= Edward Buck (lawyer) =

American lawyer and writer (1814–1876)

Edward Buck (October 6, 1814 – July 16, 1876) was an American lawyer and writer. He was the author of The Drift of the War (1861) and Massachusetts Ecclesiastical Law (1866).

== Biography ==
Buck, the fifth son of Gurdon and Susannah (Manwaring) Buck, and a descendant of Gov. Gurdon Saltonstall, of Connecticut, was born in New York City, Oct. 6, 1814. He graduated from Yale College in 1835. He studied law in New York City, and began practice there in 1838. In 1843 he removed to Boston, where he continued actively engaged in his profession until his death. From 1854 onwards he lived in Andover, Massachusetts, where he died, July 16, 1876, at the age of 62. Buck was a frequent writer for the newspapers, and in 1866 published an important volume on Massachusetts Ecclesiastical Law (Boston, 8vo, 316 pp.).

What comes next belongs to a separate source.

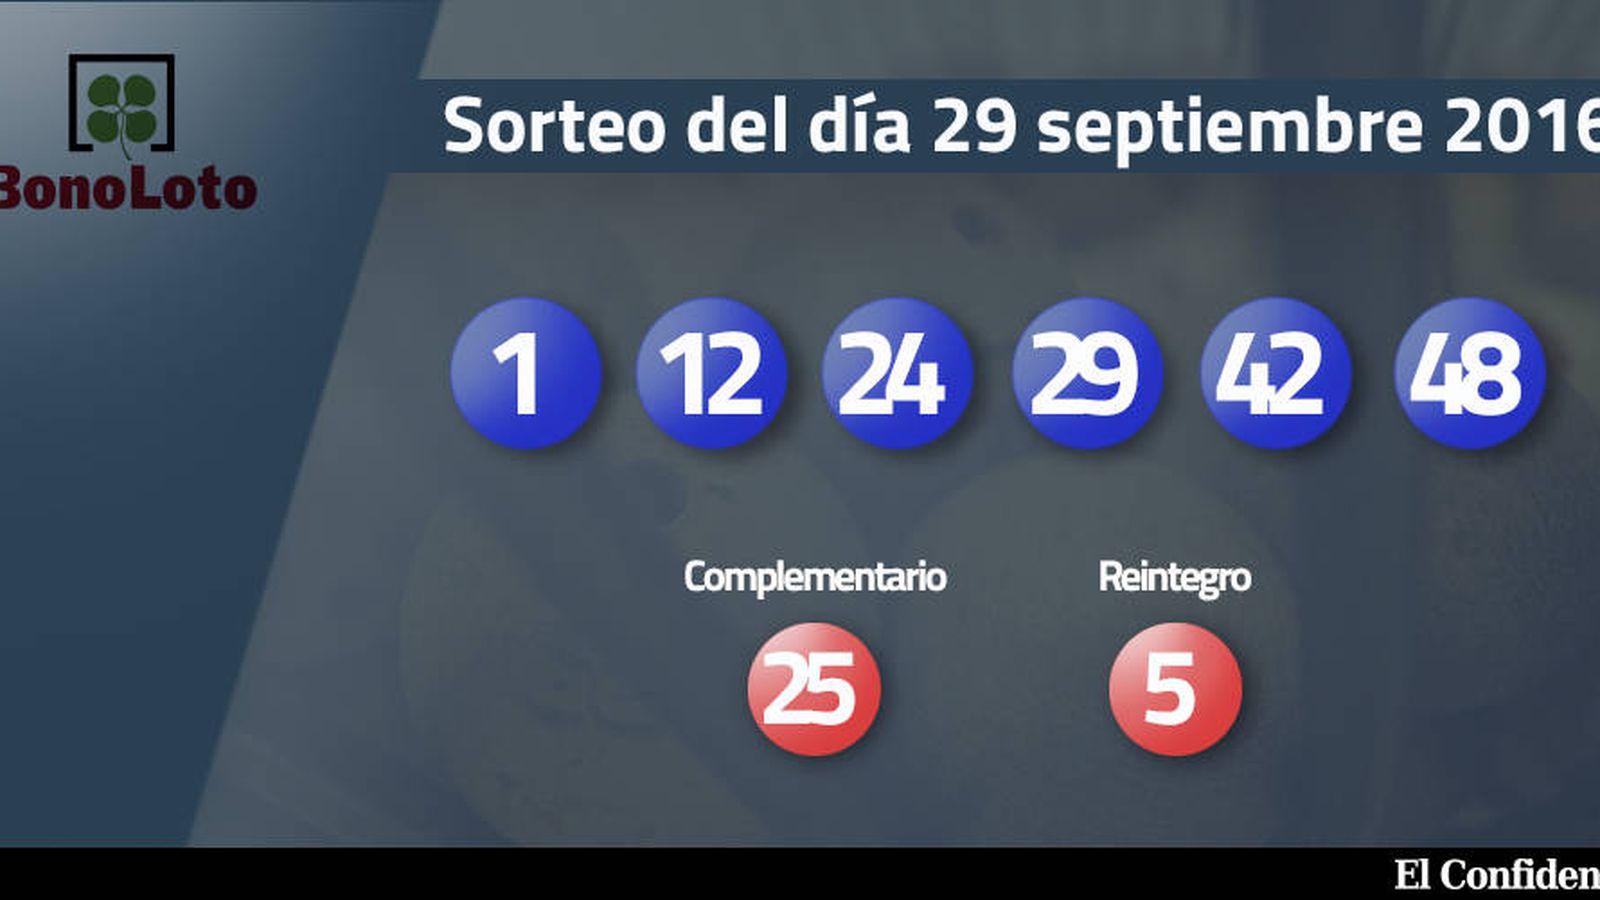 Foto: Resultados del sorteo de la Bonoloto del 29 septiembre 2016 (EC)
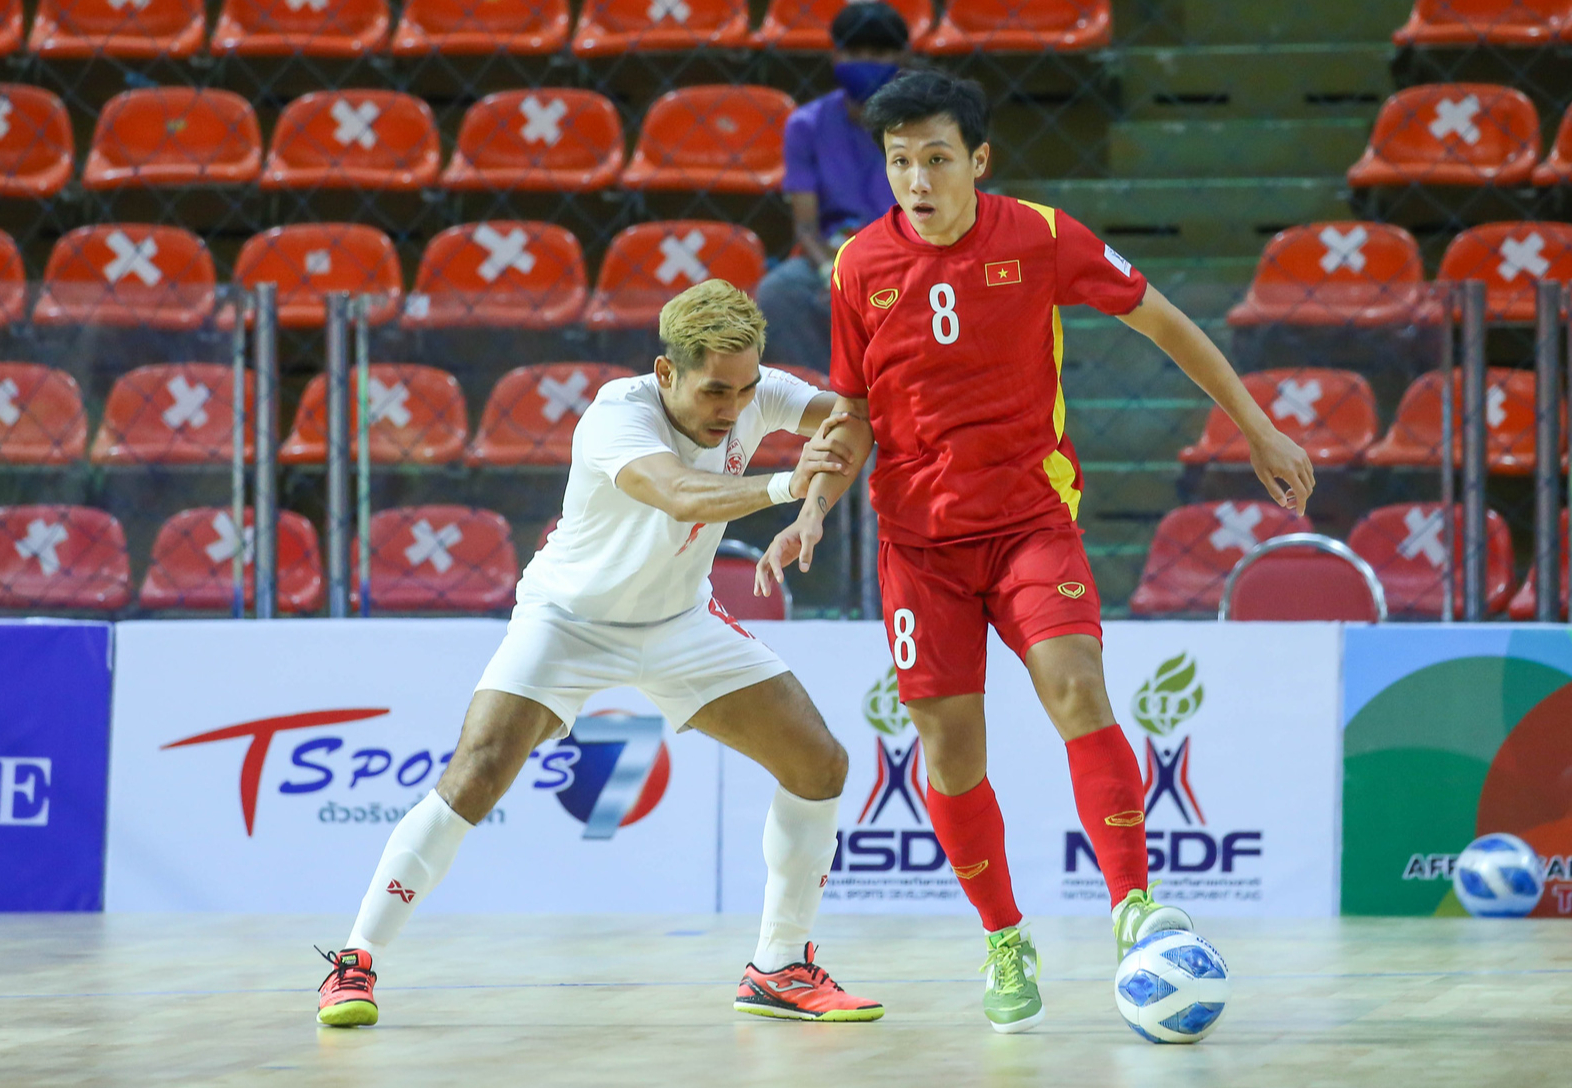 Thắng đậm Timor Leste, tuyển Việt Nam đứng nhất bảng AFF Futsal Championship 2022 - Ảnh 1.

As a prominent Christian layman his interest in all educational and philanthropic matters was always intelligent and active. He married, June 8, 1841, Elizabeth Greene, daughter of Hon. Samuel Hubbard, of Boston, a Justice of the Supreme Court of Massachusetts. She survived him with their two children, a son and a daughter. The son graduated Yale in 1870.